Lord Corvyn, under Tiras’s instructions, had arranged lodging for the queen, Padrig, and members of the King’s Guard at an inn overlooking the docks and the two ships bound for Dendar. The lodgings were clean, the innkeeper gracious, and the food plentiful, if plain. But Kjell had no desire to stay at the inn. He wanted to spend the night on the docks with his men, free of the memories of an inn in Enoch and the first time he’d kissed Sasha, but he slept on Sasha’s floor, though the two maids sleeping in the small adjoining chamber gave him some reassurance in numbers.
A sense of desperate celebration broke out, and as the night wore on the atmosphere in the inn’s tavern grew more and more merry. The men coming in from the docks were loudly appreciative of a pretty wench with a lovely voice and bountiful breasts. She sang sad songs about brave knights and dragons, and Kjell, certain that no one could possibly sleep in the din—though Sasha hadn’t so much as sighed—crept from the room, stationing a guard at the door with instructions not to allow anyone—or anything—inside. He walked to the moored ships, checked on the rotation of the guard, walked by the animal enclosures, and tried not to think about Lucian or the Changer who had killed him.

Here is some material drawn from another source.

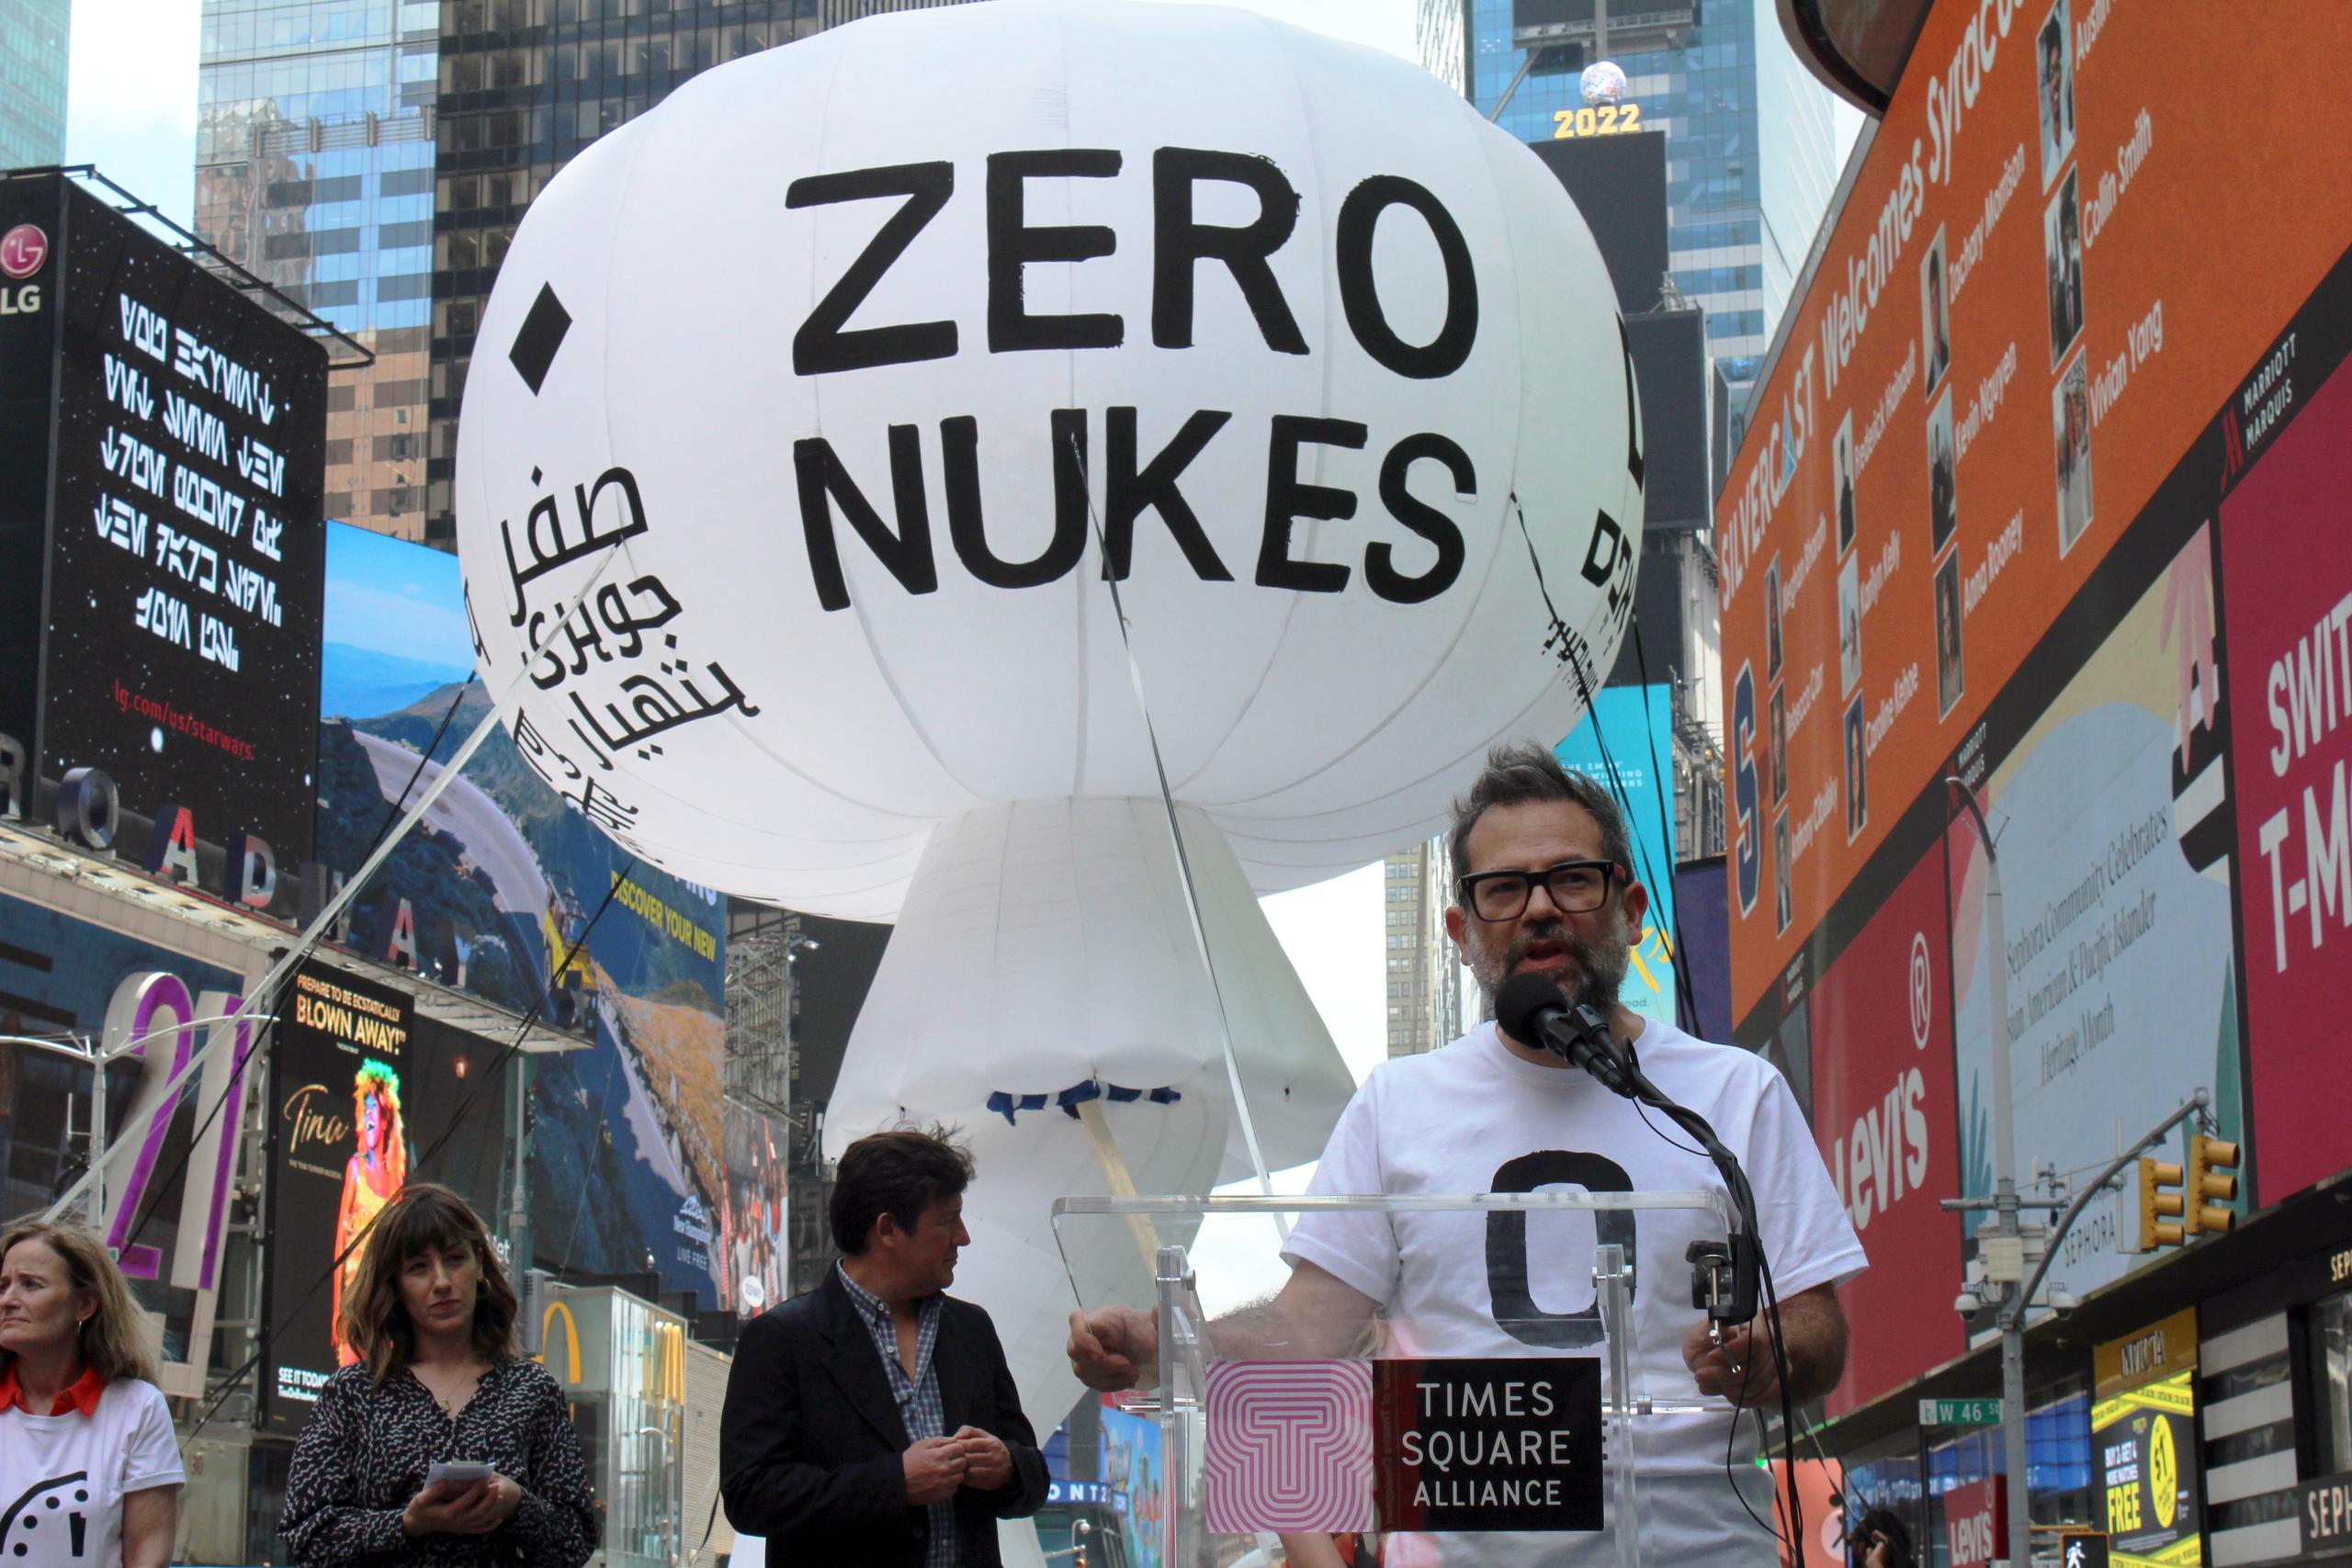 El artista mexicano Pedro Reyes habla durante la instalación del globo inflable, que viene coronada por el lema “zero nuke” (cero armas nucleares, en español).

When a shape broke from the shadows, shrouded and slim, he half expected it, even welcomed it, and drew his blade, eager to put an end to the chase. But the shadow paused and said his name.

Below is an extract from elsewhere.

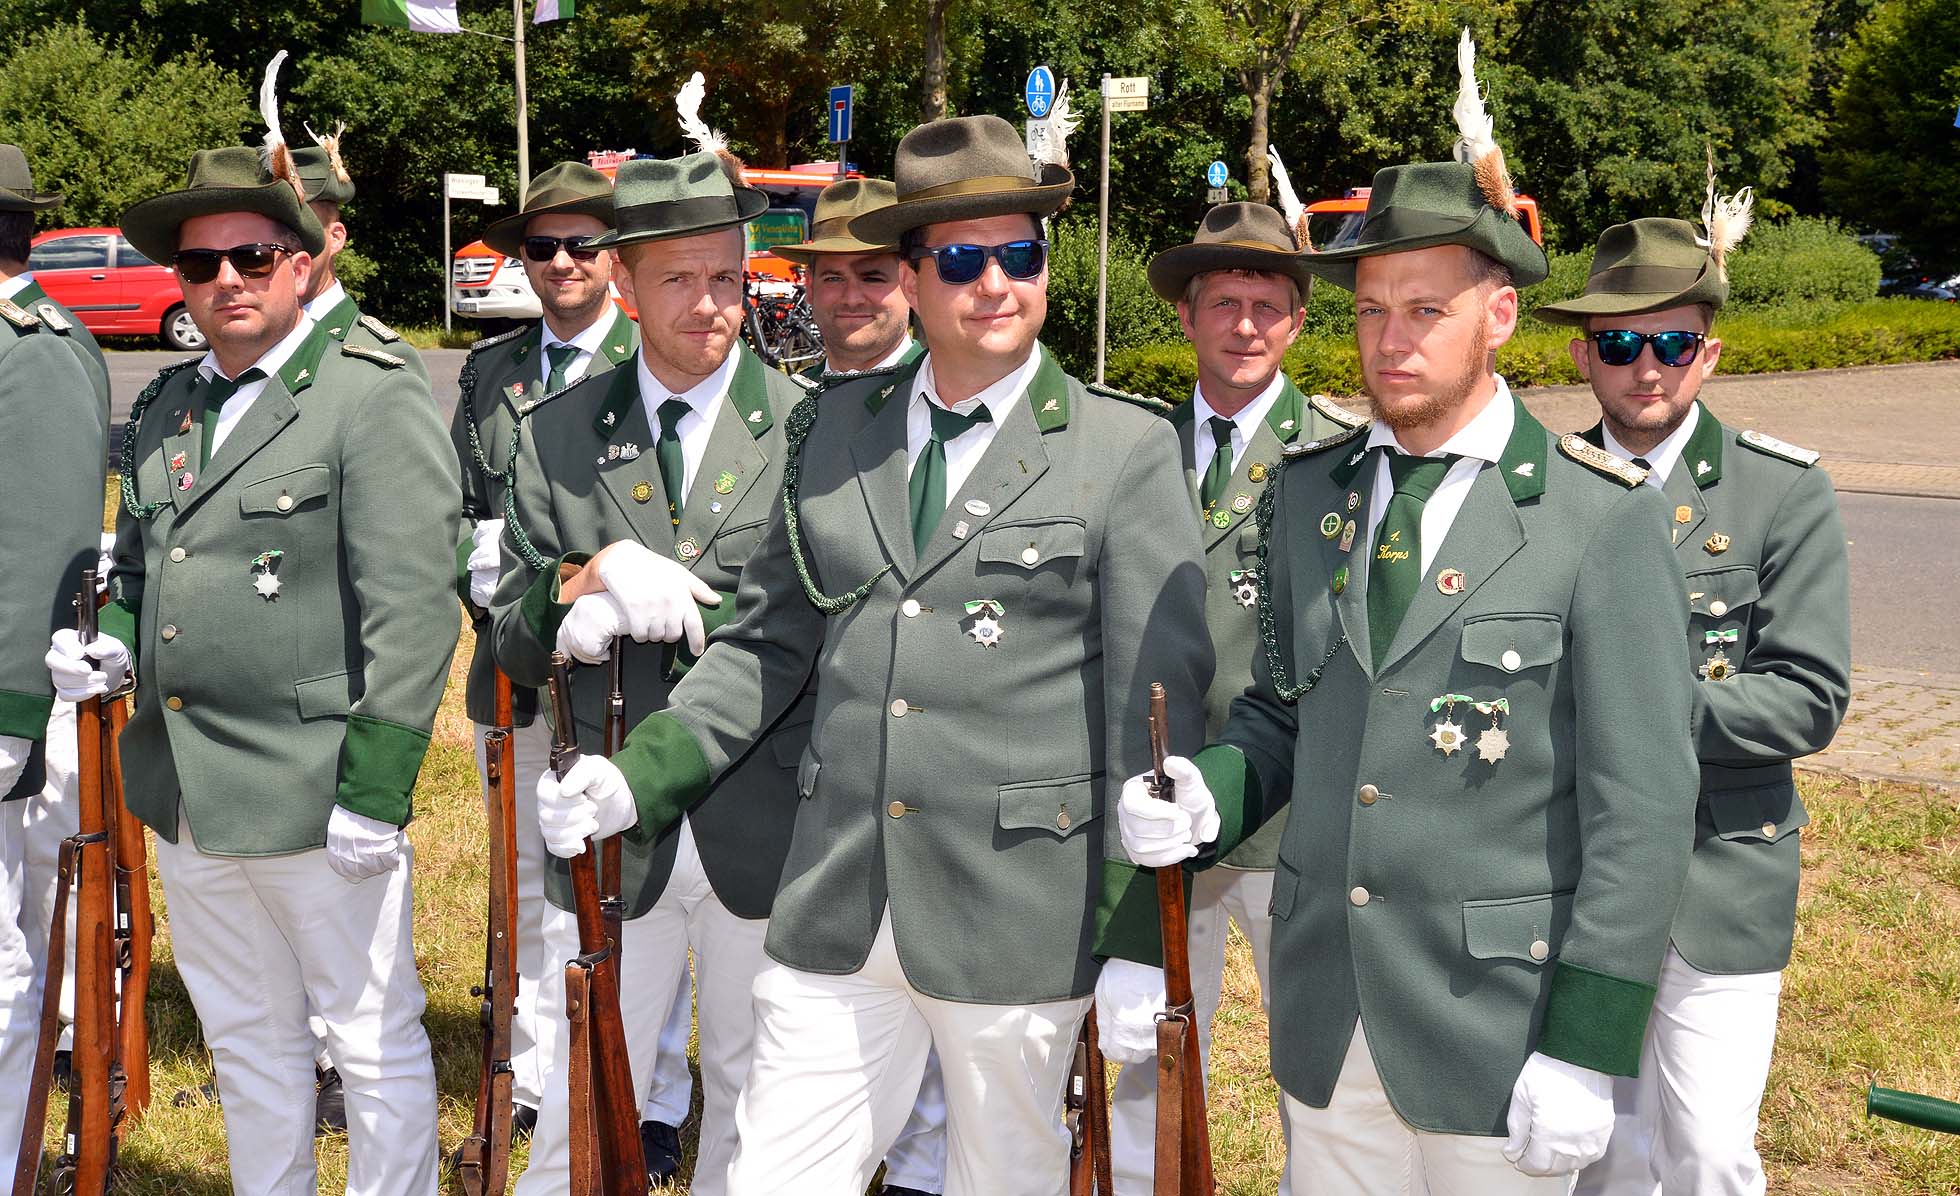 Jubiläums-Schützenfest am 2. Juli 2022 * das Antreten |  037

“Sasha,” he hissed. “What are you doing?” He strode toward her and pulled her into an alcove. The inn wasn’t far—singing and laughter were as potent as brine in the breeze—but Sasha was alone and it was dark, and danger crept around every corner and lurked in a thousand possibilities. He gripped her shoulders harder than he should, but she simply stared up at him, waiting for his anger to pass, as if she understood the fear that limned it and the sentiment that motivated it.
“Your instructions to the guard at my door were to not let anyone in. You said nothing about letting me out. And unfortunately, Captain, I outrank you.”
Her words weren’t defiant but resigned, and though he dropped his hands from her shoulders, he didn’t step away. Slowly, like he was a wild creature and she didn’t want to frighten him, she took a small step and leaned into him, resting her cheek against his chest. For several seconds they breathed together, connected only where her sighs warmed his heart.
“I see no trouble here tonight, and I wanted to be with you,” she confessed.
“But you don’t see everything,” he whispered, repentant, and his arms moved of their own accord, enfolding her, his lips finding her hair.
“No. I see just enough to make everything I don’t see more confusing.”
He waited for her to expound, but she pressed her face harder into his chest, hiding her thoughts.
“Tomorrow will come, and I will have to be Queen Saoirse again and for every day after that,” she said.
“And now?” he asked, hating the hope he had no cause to feel.
“Now I am just Sasha who loves Kjell.”
He heard the surrender in her voice, and as she raised her face, his lips sought hers. She opened beneath him, welcoming his arrival. Their mouths melded and clung, tasting and torturing, jubilation flavored with loss. They withdrew only to come together again, to take just one more, and Kjell kissed her until his body raged and his lips begged for mercy.
It was Sasha who finally bowed her head, pressing her lips to his heart so they wouldn’t return to his mouth. Their bodies quaked and thrummed, denied and despairing, until short breaths became longsuffering and pounding blood became quiet questions.
“She follows—Ariel of Firi,” Sasha said.
“Yes,” he rasped. Her hands curled in his cloak.
“Why?” she asked.
“I don’t know.” He shook his head helplessly and tightened his arms. “There is something she wants.”